Whether the component is a bare chip connected to a lead frame, or a package connected to a printed wire board or other substrate, the connections are made between electrical terminations on the electronic component and corresponding electrical terminations on the substrate. One method for making these connections uses metallic or polymeric material that is applied in bumps to the component or substrate terminals. The terminals are aligned and contacted together and the resulting assembly heated to reflow the metallic or polymeric material and solidify the connection.
During subsequent manufacturing steps, the electronic assembly is subjected to cycles of elevated and lowered temperatures. Due to the differences in the coefficient of thermal expansion for the electronic component, the interconnect material, and the substrate, this thermal cycling can stress the components of the assembly and cause it to fail. To prevent failure, the gap between the component and the substrate is filled with a polymeric encapsulant, hereinafter called underfill or underfill encapsulant, to reinforce the interconnect and to absorb some of the stress of the thermal cycling.
Two prominent uses for underfill technology are in packages known in the industry as flip-chip, in which a chip is attached to a lead frame, and ball grid array, in which a package of one or more chips is attached to a printed wire board.
The underfill encapsulation may take place after the reflow of the metallic or polymeric interconnect, or it may take place simultaneously with the reflow. If underfill encapsulation takes place after reflow of the interconnect, a measured amount of underfill encapsulant material will be dispensed along one or more peripheral sides of the electronic assembly and capillary action within the component-to-substrate gap draws the material inward. The substrate may be preheated if needed to achieve the desired level of encapsulant viscosity for the optimum capillary action. After the gap is filled, additional underfill encapsulant may be dispensed along the complete assembly periphery to help reduce stress concentrations and prolong the fatigue life of the assembled structure. The underfill encapsulant is subsequently cured to reach its optimized final properties.
If underfill encapsulation is to take place simultaneously with reflow of the solder or polymeric interconnects, the underfill encapsulant, which can include a fluxing agent if solder is the interconnect material, first is applied to either the substrate or the component; then terminals on the component and substrate are aligned and contacted and the assembly heated to reflow the metallic or polymeric interconnect material. During this heating process, curing of the underrill encapsulant occurs simultaneously with reflow of the metallic or polymeric interconnect material.
For single chip packaging involving high volume commodity products, a failed chip can be discarded without significant loss. However, it becomes expensive to discard multi-chip packages with only one failed chip and the ability to rework the failed component would be a manufacturing advantage. Today, one of the primary thrusts within the semiconductor industry is to develop not only an underfill encapsulant that will meet all the requirements for reinforcement of the interconnect, but also an underfill encapsulant that will be reworkable, allowing for the failed component to be removed without destroying the substrate.

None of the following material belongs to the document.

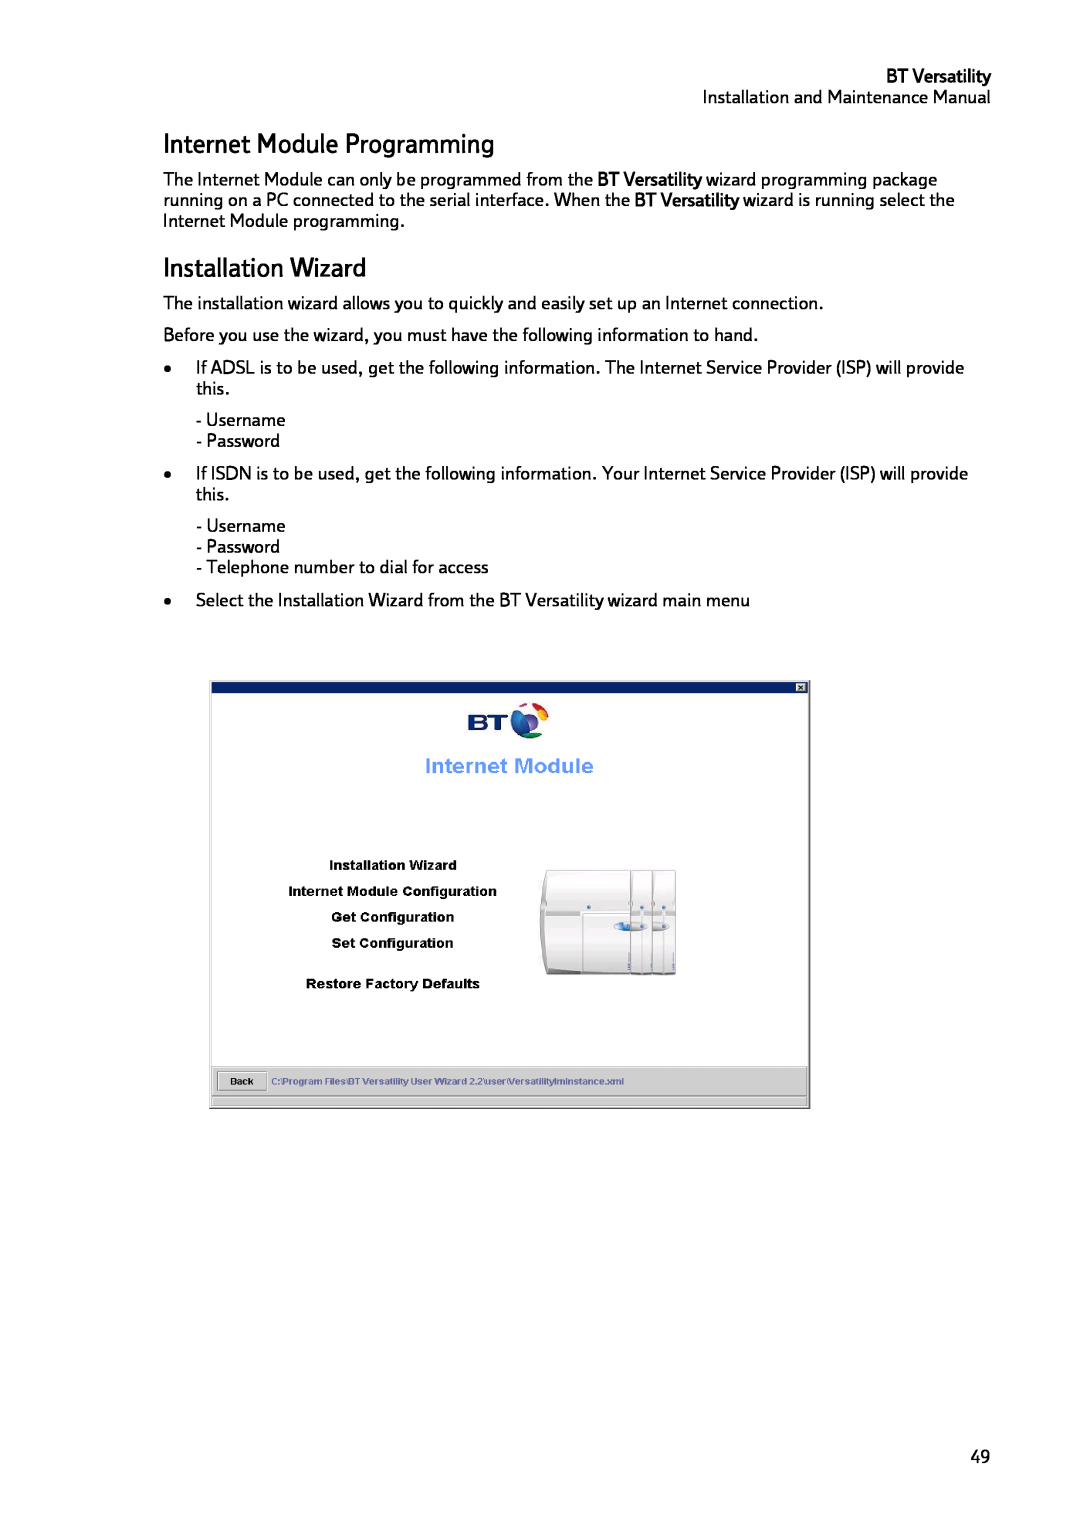 BT BT Versatility manual Internet Module Programming, Installation Wizard

Conventional underfill technology uses low viscosity thermosetting organic materials, the most widely used being epoxy/anhydride systems. In order to achieve the required mechanical performance, relatively high molecular weight thermoplastics would be the preferred compositions for underfill materials. These materials, however, have high viscosity or even solid film form, which are drawbacks to the manufacturing process. Therefore, there is a need for new underfill encapsulant compositions that are easily dispensable to conform with automated manufacturing processes, and that are reworkable.
This invention relates to a curable underfill encapsulant compositions comprising allylated amide compounds, a free radical curing agent and/or a photoinitiator, and optionally, one or more fillers or other additives. The composition optionally may also contain mono- or polyfunctional vinyl compounds.
The composition can be designed to be reworkable by choosing a major amount of mono-functional compounds for the composition.
The ability to process these compositions for underfill encapsulants is achieved by using relatively low molecular weight reactive oligomers or prepolymers and curing them in situ after application to the electronic assembly. The relatively low molecular weight translates to a lower viscosity and ease of application to the substrate.
In another embodiment, this invention is a cured encapsulant composition that results after the curing of the just described curable underfill encapsulant composition.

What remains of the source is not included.